= Dardan Gashi =

Kosovan politician

Dardan Gashi is a Kosovar politician and author and was Deputy Prime Minister of Kosovo / Minister of the Ministry of Diaspora and Strategic Investments in the cabinet of Ramush Haradinaj from September 2017 to February 2020.

==Biography==
Born in Kosovo, Gashi moved to Austria where he studied Communication Sciences and Political Sciences in the University of Vienna. After completing his degree, he went on to begin his career as an election supervisor with the Organization for Security and Co-operation in Europe (OSCE) Mission in Bosnia and Herzegovina. In 1997, he became the Election Officer, Head of Field Office in Brcko Federation. Later that year, he moved to Croatia, in the capacity of Human Rights Monitor, and spent the next year in various posts as part of OSCE missions in the Balkans.

During the Kosovo War, Gashi worked with the Kosovo Verification Mission as a Public Information Liaison Officer, OSCE Secretariat in Vienna. After the war, he resumed his work with OSCE, and contributed to plans for institution-building, media policy and elections and registration.
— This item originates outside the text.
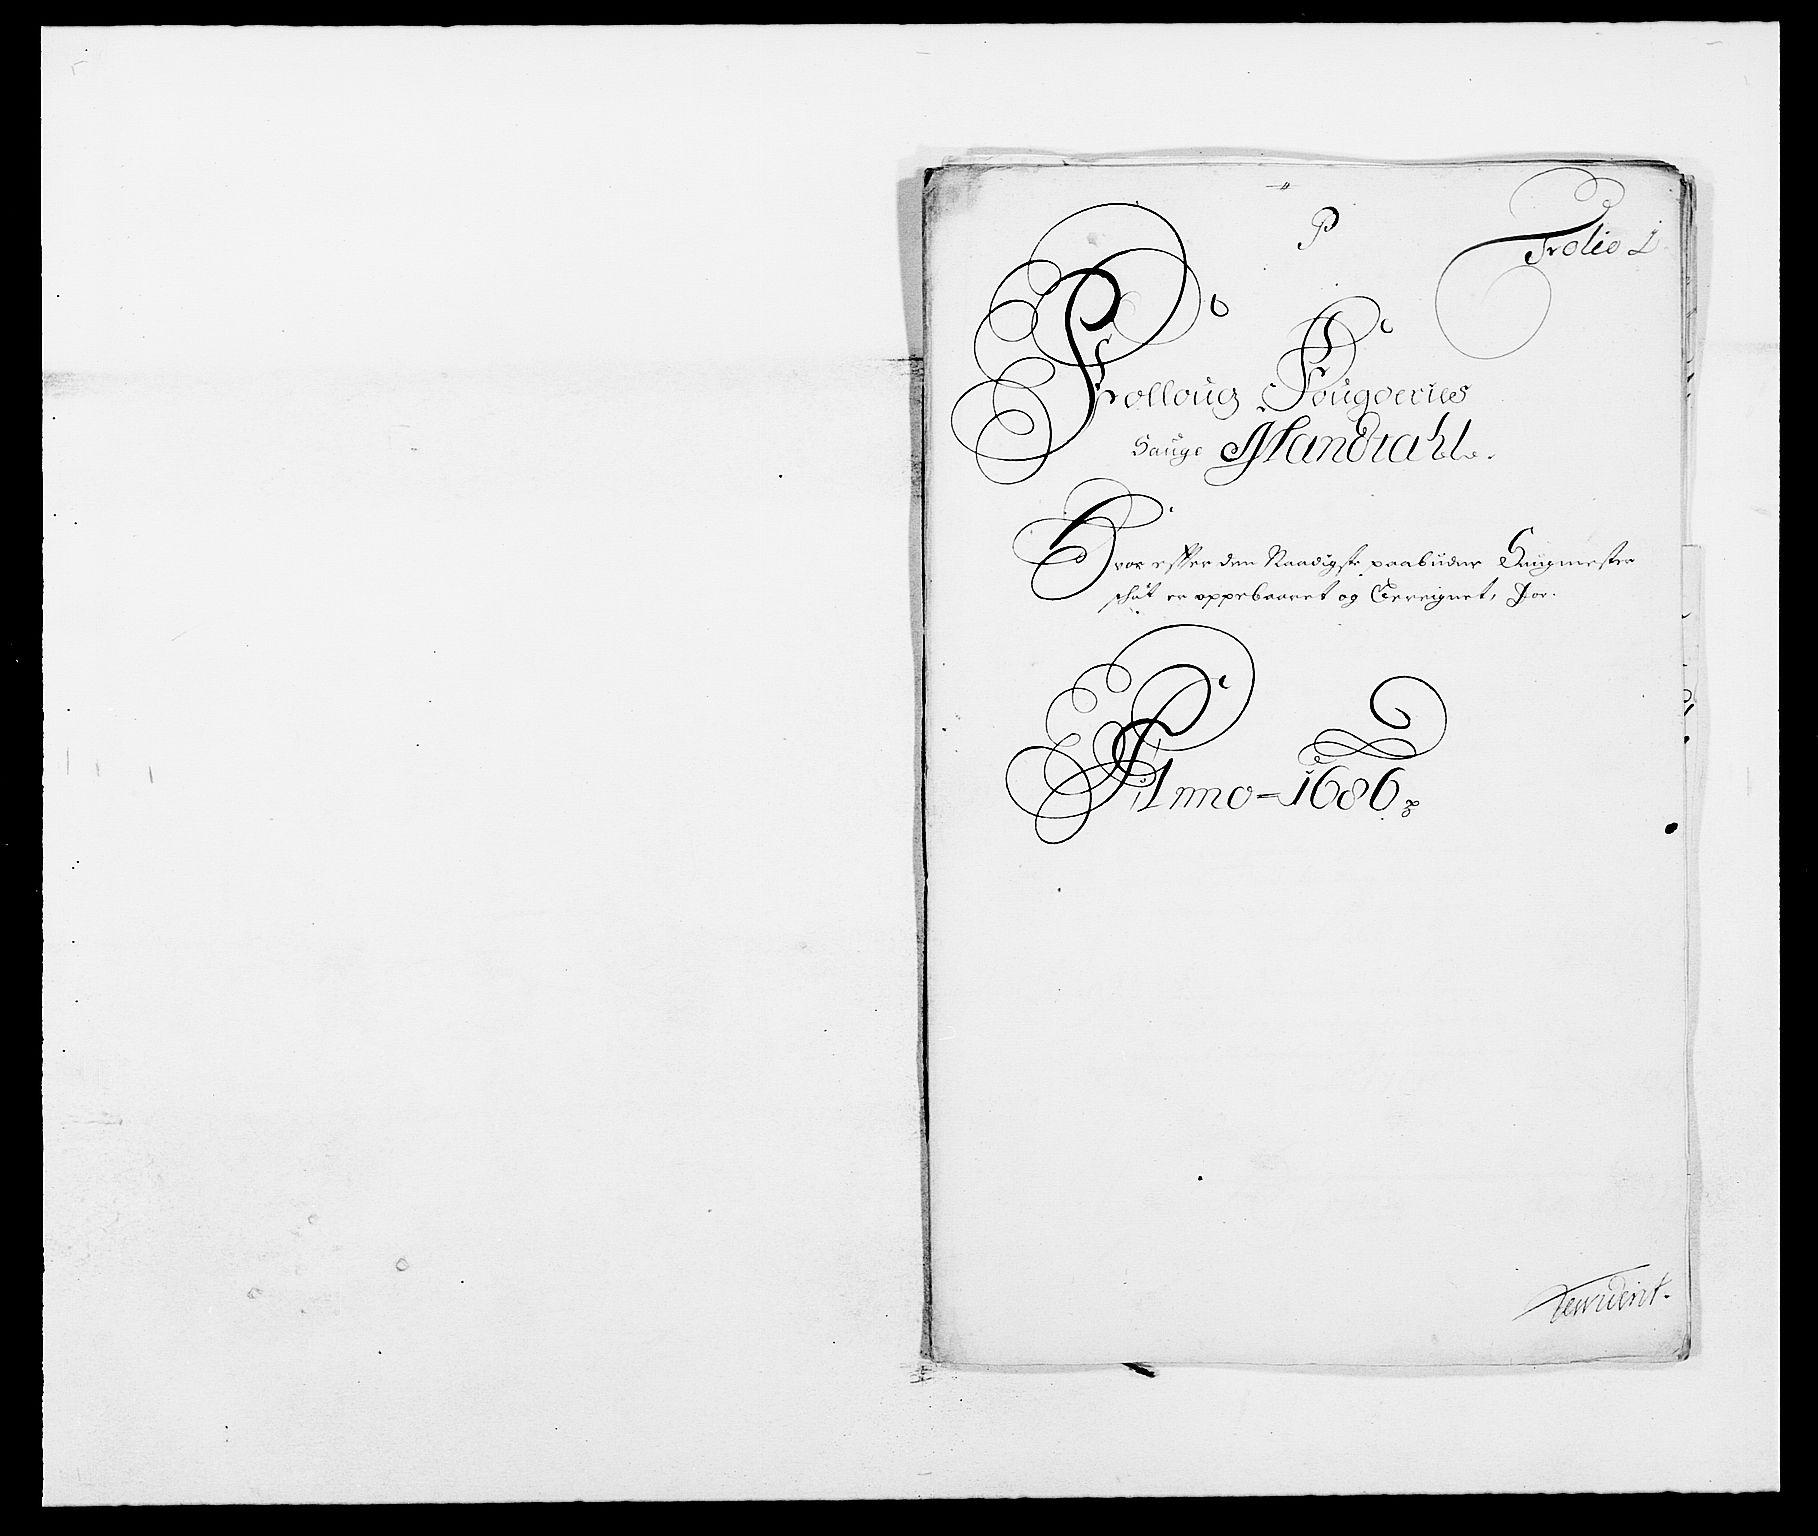 RA, Rentekammeret inntil 1814, Reviderte regnskaper, Fogderegnskap, R09/L0433: Fogderegnskap Follo, 1685-1686, s. 407

From 2011 until 2014, he was Minister for Environment and Planning.

In 2000, he contributed to the International Crisis Group, United Nations Criminal Tribunal for the Former Yugoslavia (ICTY), European Stability Initiative, etc.

From 2005 to 2008, Gashi worked at the office of the Deputy Prime Minister/Ministry of Local Government Administration in Kosovo. Initially, he chaired the working group on decentralization, and participated as a senior adviser at all meetings during the Vienna Negotiations. Meanwhile, Gashi also chaired the WG on Return within the Direct Dialogue process with Belgrade.

In June 2010, Gashi became Deputy Minister of European Integration. He held this position until January 2011, when he was proposed to become the Minister of Environment, following the national elections of 2010.
From 2011 until 2014, he was Minister for Environment and Spatial Planning.

During Dardan Gashi’s mandate, the Ministry of Environment and Spatial Planning has managed to approximate the legislation of the Republic of Kosovo with the European Union. Regarding the air pollution, MESP has forced large corporations, also known as the largest polluters (Kosovo Energy Corporation, Ferronikel, Sharrcem, etc.) to install filters to prevent further air pollution.

In November, 2011, at the request of the Minister Gashi, the Kosovo Government stopped the illegal sand and gravel exploitation in the rivers basins of Kosovo. This decision was applauded by citizens and NGOs as one of the best decisions necessary for the protection of environment. Since then, the illegal exploitation of inert materials has stalled, resulting in investments by MESP and municipalities for the reconstruction of river banks.

In the field of spatial planning, Minister Gashi, in collaboration with USAID, was committed to reforming the Law on Construction. After reforming the application process for a construction permit, Kosovo’s ranking in Doing Business Report has increased from 177 to 144, in 2012.

In addition to politics, Dardan Gashi is co-author of several books in German, including "Im Dienst des Diktators", then "Albanien: archaisch, orientalisch, europaeisch" and "Durch das Land der Hirten und Helden."

During the 1990s, Dardan Gashi worked as a journalist for "Zëri", then in the media known as "BBC", "DW", "Der Standard" and "APA", as well as Tribuna and KlanK.

In addition to politics, Gashi wrote/co-authored several books, including Im Dienst des Diktators, Albanien: archaisch, orientalisch, europaeisch, Durch das Land der Hirten und Helden, etc.